# What size bed do you sleep on?



## arnie (Jan 24, 2012)

*Read Alternate Names before clicking other!*
*Single=Twin
Double=Full
*

Twin
39 in Ã- 75 in (99 cm Ã- 191 cm)

Twin XL
39 in Ã- 80 in (99 cm Ã- 203 cm)

Full or double
54 in Ã- 75 in (137 cm Ã- 191 cm)

Queen
60 in Ã- 80 in (152 cm Ã- 203 cm)

King
76 in Ã- 80 in (193 cm Ã- 203 cm)

California king
72 in Ã- 84 in (183 cm Ã- 213 cm)


----------



## Zeppelin (Jan 23, 2012)

I sleep on a full bed. I like it because I roll around alot when I sleep.


----------



## lzzy (Nov 28, 2012)

King! Even though I rarely move whilst sleeping so a full would be big enough...


----------



## zojirushi (Apr 8, 2013)

Queen.


----------



## Nekomata (Feb 3, 2012)

Single. It's also a bunk bed~ xD. With bars ;-; *feels like an inmate... who constantly hits her head on the ceiling*


----------



## Monotony (Mar 11, 2012)

Twin, it's surprisingly large enough to fit a second person even with the amount I toss and turn.


----------



## scooby (Jun 24, 2009)

I sleep on a king single.


----------



## Paul (Sep 26, 2005)

Other: I always sleep on my couch. My seldom-used bed is a twin though.


----------



## wrongnumber (May 24, 2009)

A double bed. Which might be a full bed. I don't know. I would love to have a King sized bed though.


----------



## hammerfast (Mar 8, 2012)

haha , if you really have social anxiety you sleep on a mattress like i do


----------



## lzzy (Nov 28, 2012)

hammerfast said:


> haha , if you really have social anxiety you sleep on a mattress like i do


is there a link between social anxiety and sleeping?


----------



## hammerfast (Mar 8, 2012)

lzzy said:


> is there a link between social anxiety and sleeping?


i don't know you tell me


----------



## Monotony (Mar 11, 2012)

Paul said:


> Other: I always sleep on my couch. My seldom-used bed is a twin though.

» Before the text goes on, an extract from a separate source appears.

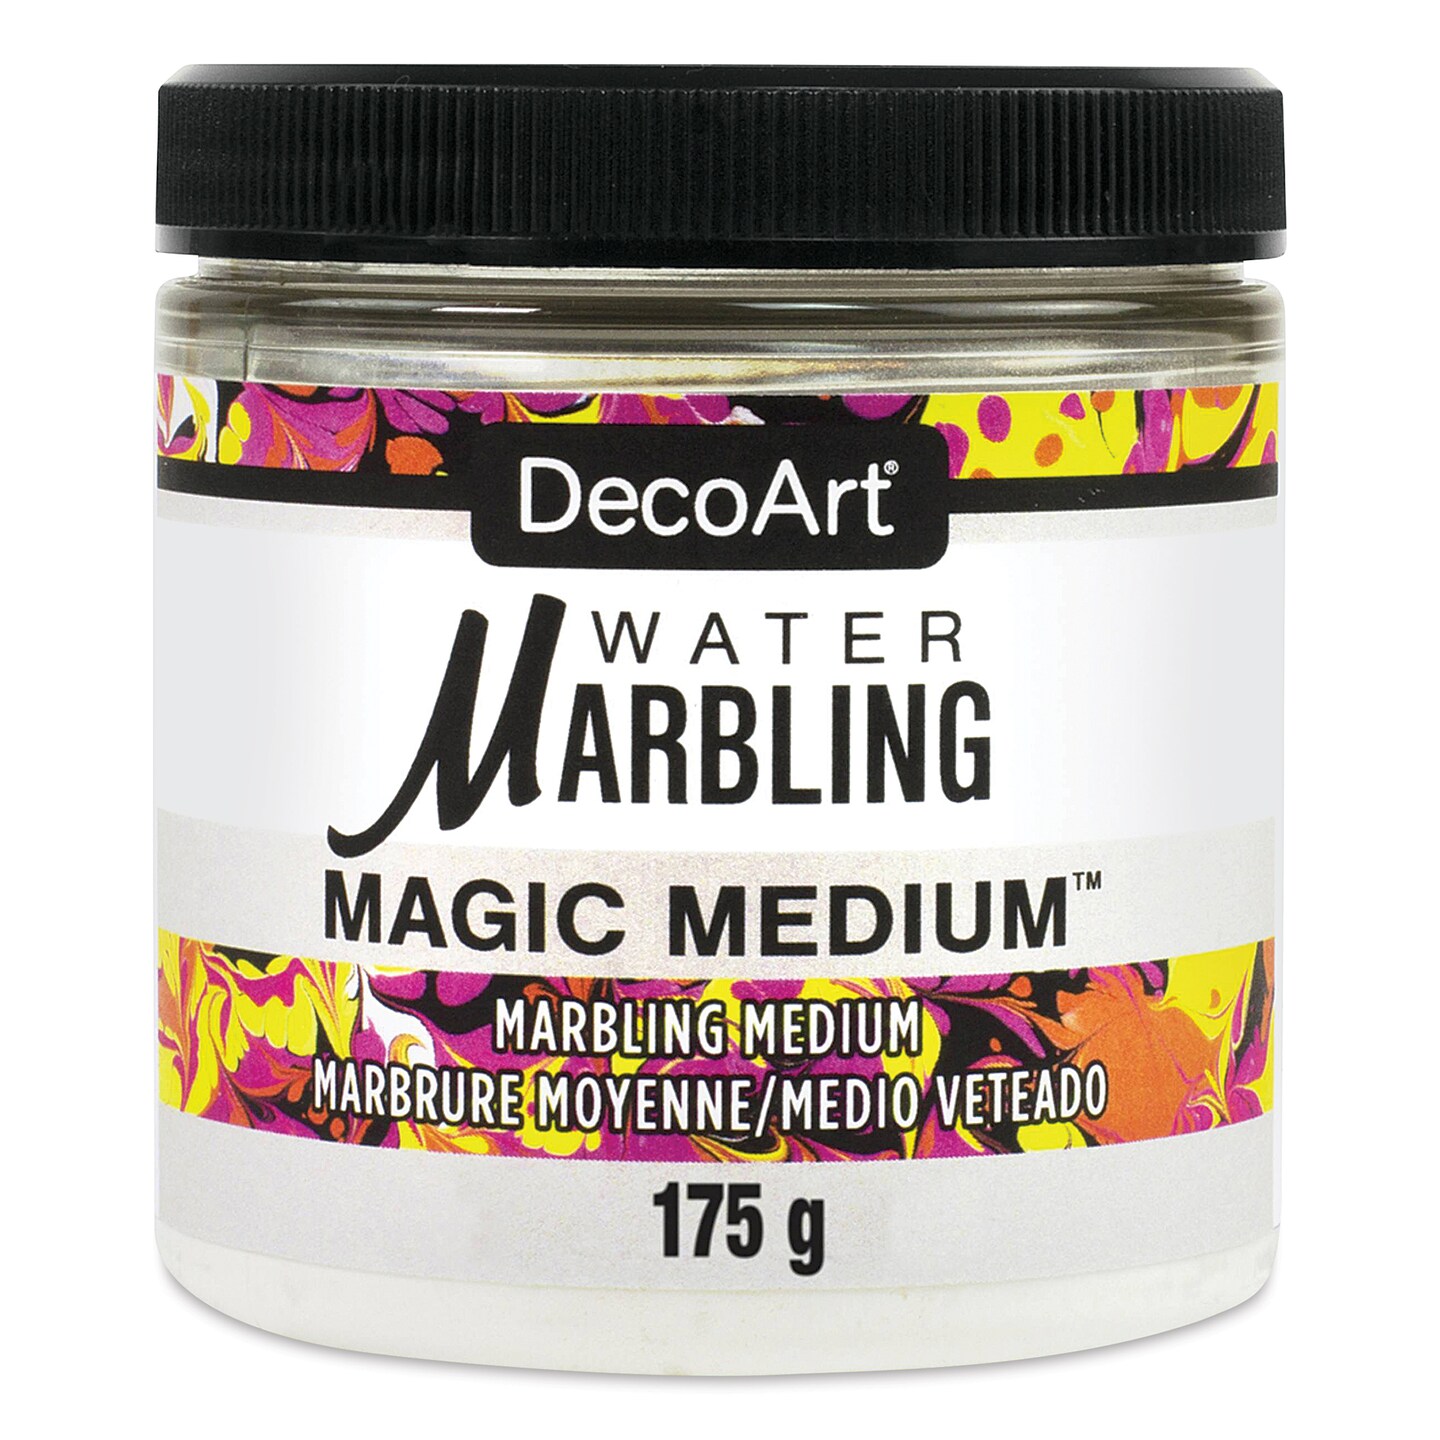 DecoArt Water Marbling Magic Medium - 6 oz jar

Couches are just so ****ing comfy.


----------



## Kascheritt (Mar 7, 2012)

80x190


----------



## cafune (Jan 11, 2011)

When I sleep on my bed, twin. Sometimes, I fall asleep on the sofa (too lazy to move to my room). When I visit my friend, I sleep on this uh, system (the chairs are closer together, though):








It's ridiculously uncomfortable, but I manage.


----------



## WineKitty (Nov 26, 2004)

Queen size. With husband, and sometimes our big dog.


----------



## Mur (Jan 20, 2011)

Twin, I miss my old King Sized mattress but I didn't have room for it in my new apartment :/


----------



## Life Aint No Joke (Mar 8, 2013)

cafune said:


> When I sleep on my bed, twin. Sometimes, I fall asleep on the sofa (too lazy to move to my room). When I visit my friend, I sleep on this uh, system (the chairs are closer together, though):
> 
> 
> 
> ...


How tall are you?


----------



## TobeyJuarez (May 16, 2012)

i had a twin up until like three months ago but i got a queen now


----------



## DubnRun (Oct 29, 2011)

I have no idea... a 'double'


----------



## DubnRun (Oct 29, 2011)

I think the fact we all lie on a bed at night to sleep makes humans pathetic. I mean really? wtf


----------



## Fenren (Sep 20, 2009)

I can only fit a twin in my room, feel like a kid still. Always had one that size, my feet go over the end now. Night after night like this for decades alone in my single bed - great.


----------



## cafune (Jan 11, 2011)

Life Aint No Joke said:


> How tall are you?


I'm 5'5", so it's not so bad. Still, I define fetal position when sleeping on those chairs.


----------



## arnie (Jan 24, 2012)

illmatic1 said:


> i had a twin up until like three months ago but i got a queen now


Lol, aren't you still hanging off the edge, even with a queen?


----------



## TobeyJuarez (May 16, 2012)

arnie said:


> Lol, aren't you still hanging off the edge, even with a queen?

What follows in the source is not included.